Mercifully, it all comes to an end.
I don't think anyone expected that. Some of the signs were there, though:
- I remember Dan Bylsma well from when he joined the LA Kings toward the end of Gretzky's career there. Gretzky, or more accurately his arrival to LA and its facsimile of a hockey team, changed my life irrevocably. He was my Dominique Wilkins replacement (which is not said with an iota of irony or rue). My DNA was filled with more hockey-receptors than the basketball- kind, so this had retardedly significant ramifications. I lived and died with the LA Kings for a few years, until it was mostly dying, and my once mighty idol - that spring of 93 was something though, eh - was schleppnig through whatever detritus a penny-foolish, pound-foolish management team threw against the wall and hoped stuck.

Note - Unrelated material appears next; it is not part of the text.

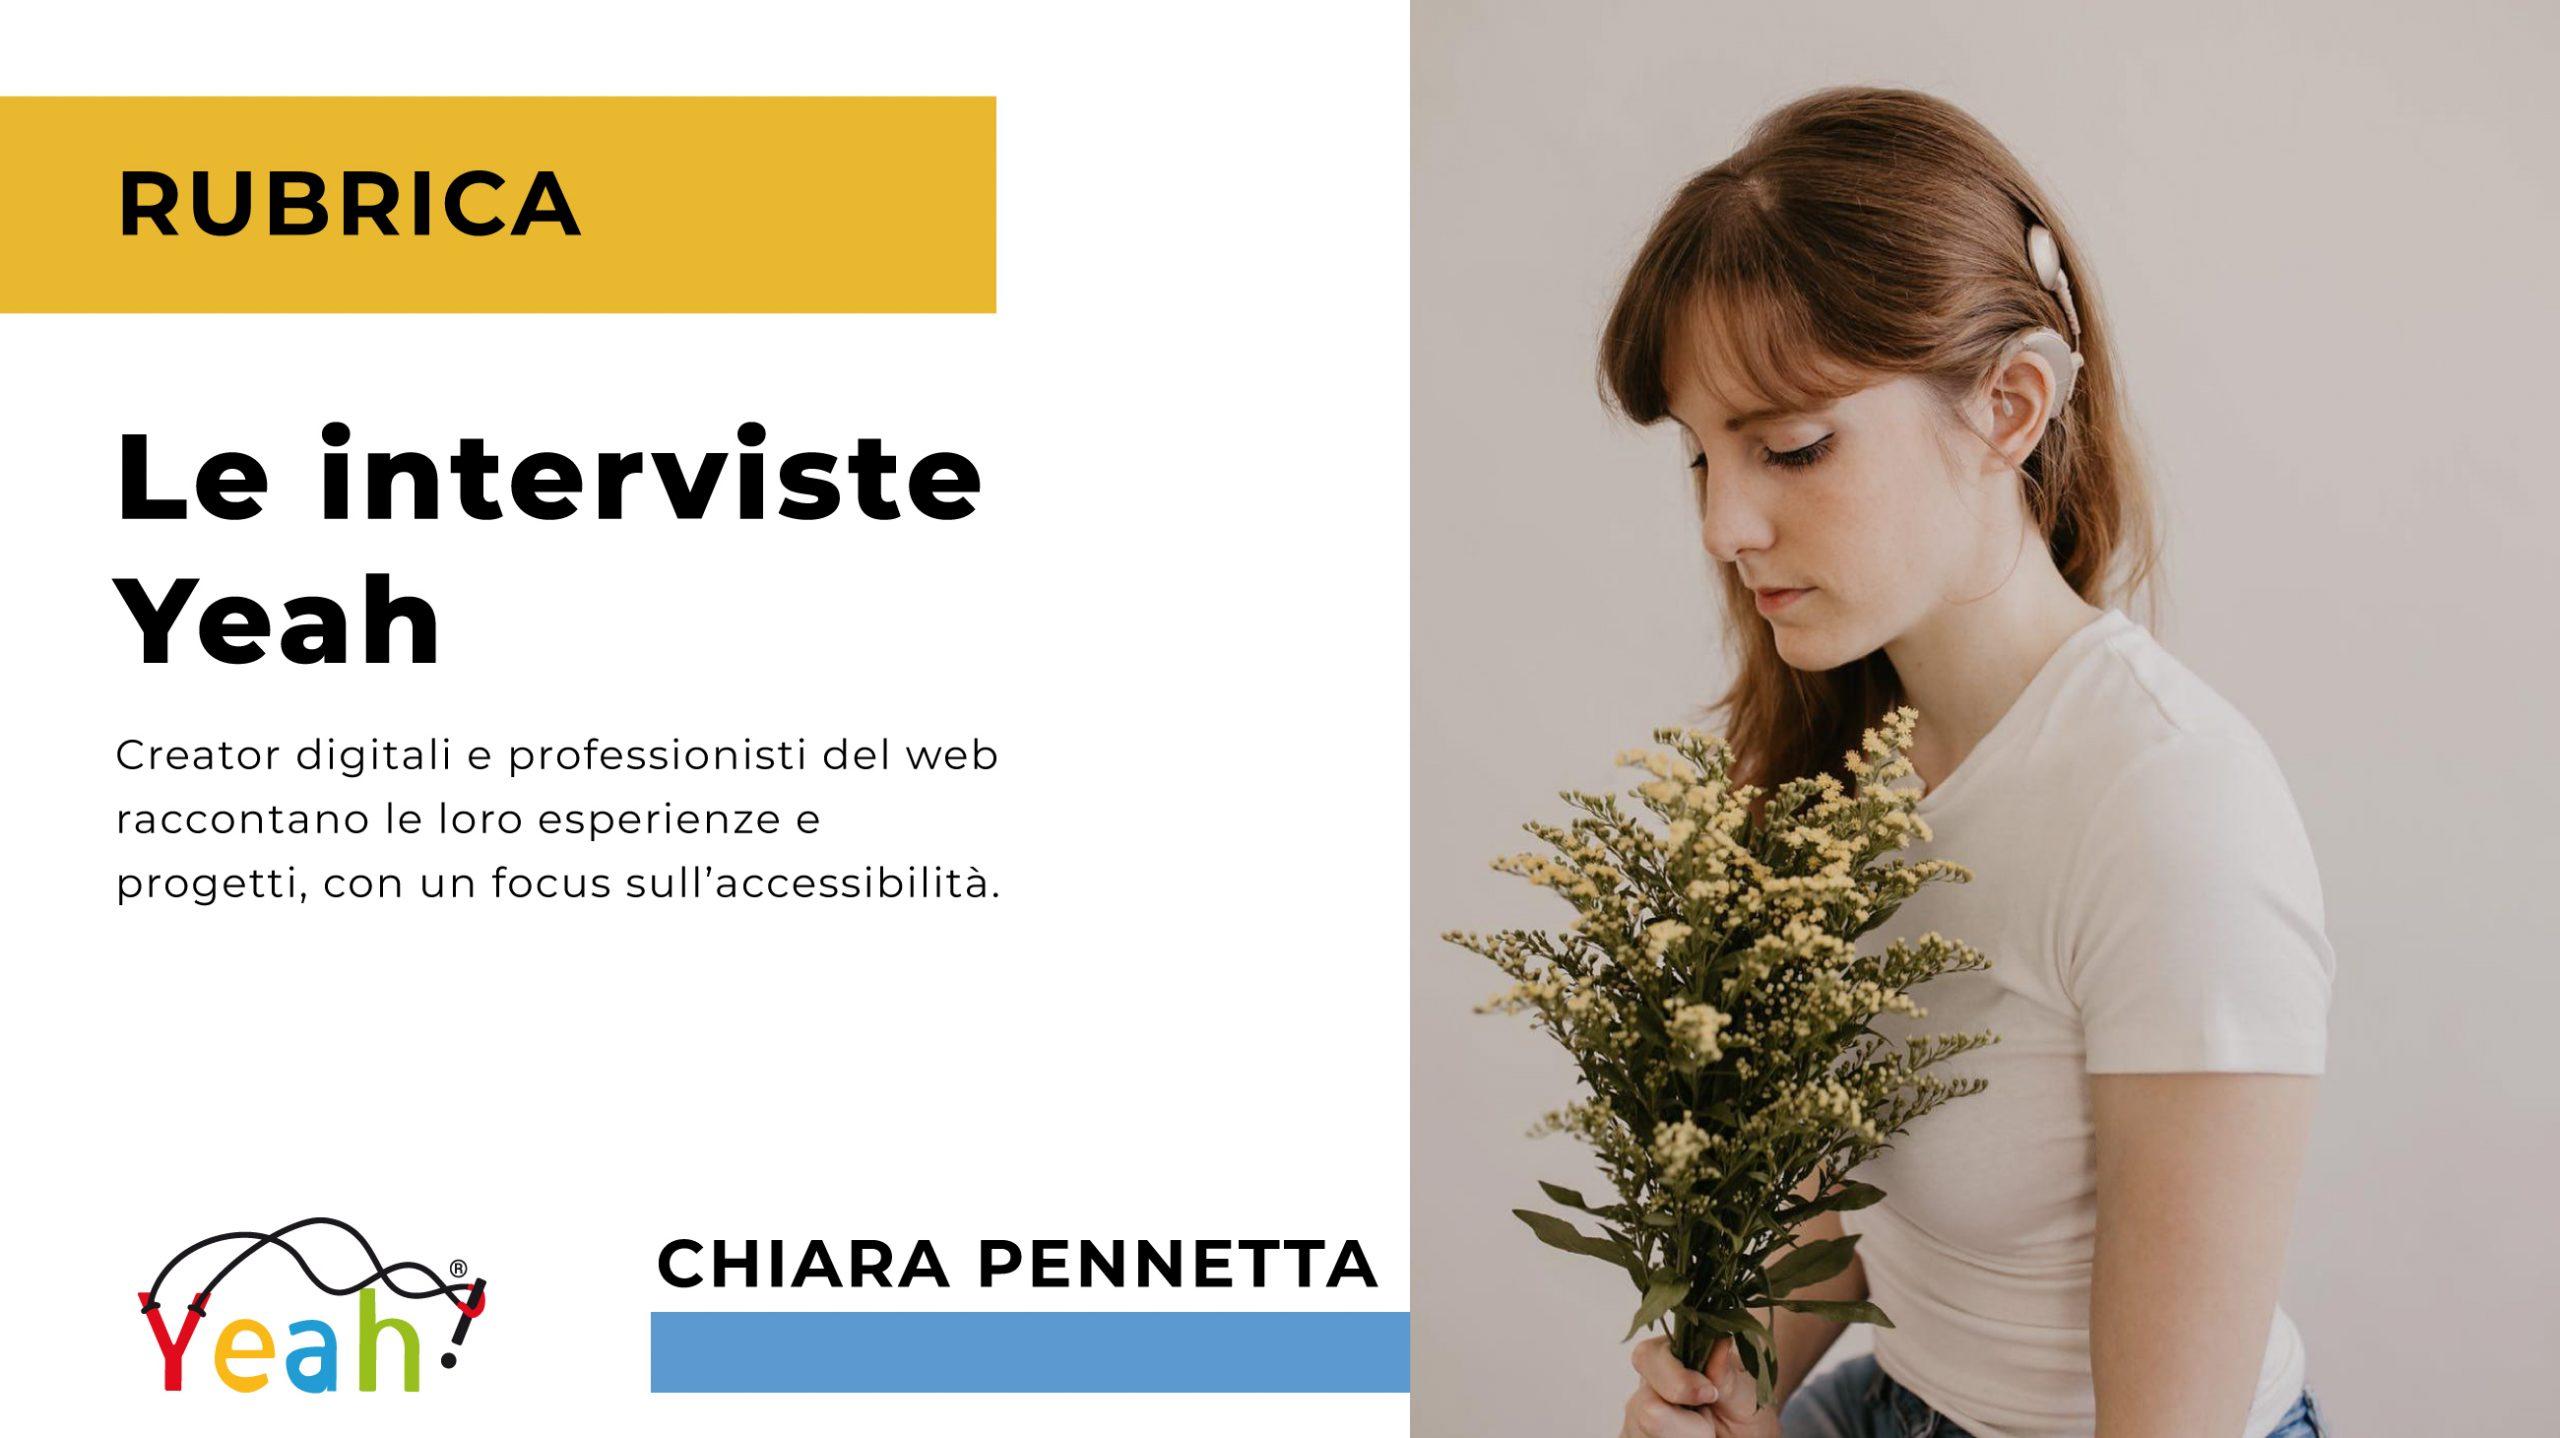 Le interviste Yeah: Chiara Pennetta

Long story short, it got bad towards the end, with the Kings calling up career minor leaguer Danny Bylsma, a good penalty killer and hard worker, to fill one of the many holes in their lineup (John Slaney was one of the few kids they got right... and then promptly gave up on (though to be fair, several teams did the same, including the Caps eventually - beauty player though)), and I remeber one shift in particular when Gretzky broke in 2-on-1, a rare event at this point in his career, and threaded a pass between the skates of Bylsma (can you imagine what that poor bastard who had never scored 20 goals in professional hockey was thinking being in the NHfuckingL breaking in alone with Wayne fucking Gretzy), and Bylsma wiffed ingloriously. And fell down in the process. Another chance wasted in a season of wasted chances and poor results. I remember cursing Bylsma at the time - how could he fuck up a pass from my Gretz - but shortly thereafter feeling bad for him, knowing the whole time it wasn't really his fault and that the team, and Gretz to a certain extent, sucked.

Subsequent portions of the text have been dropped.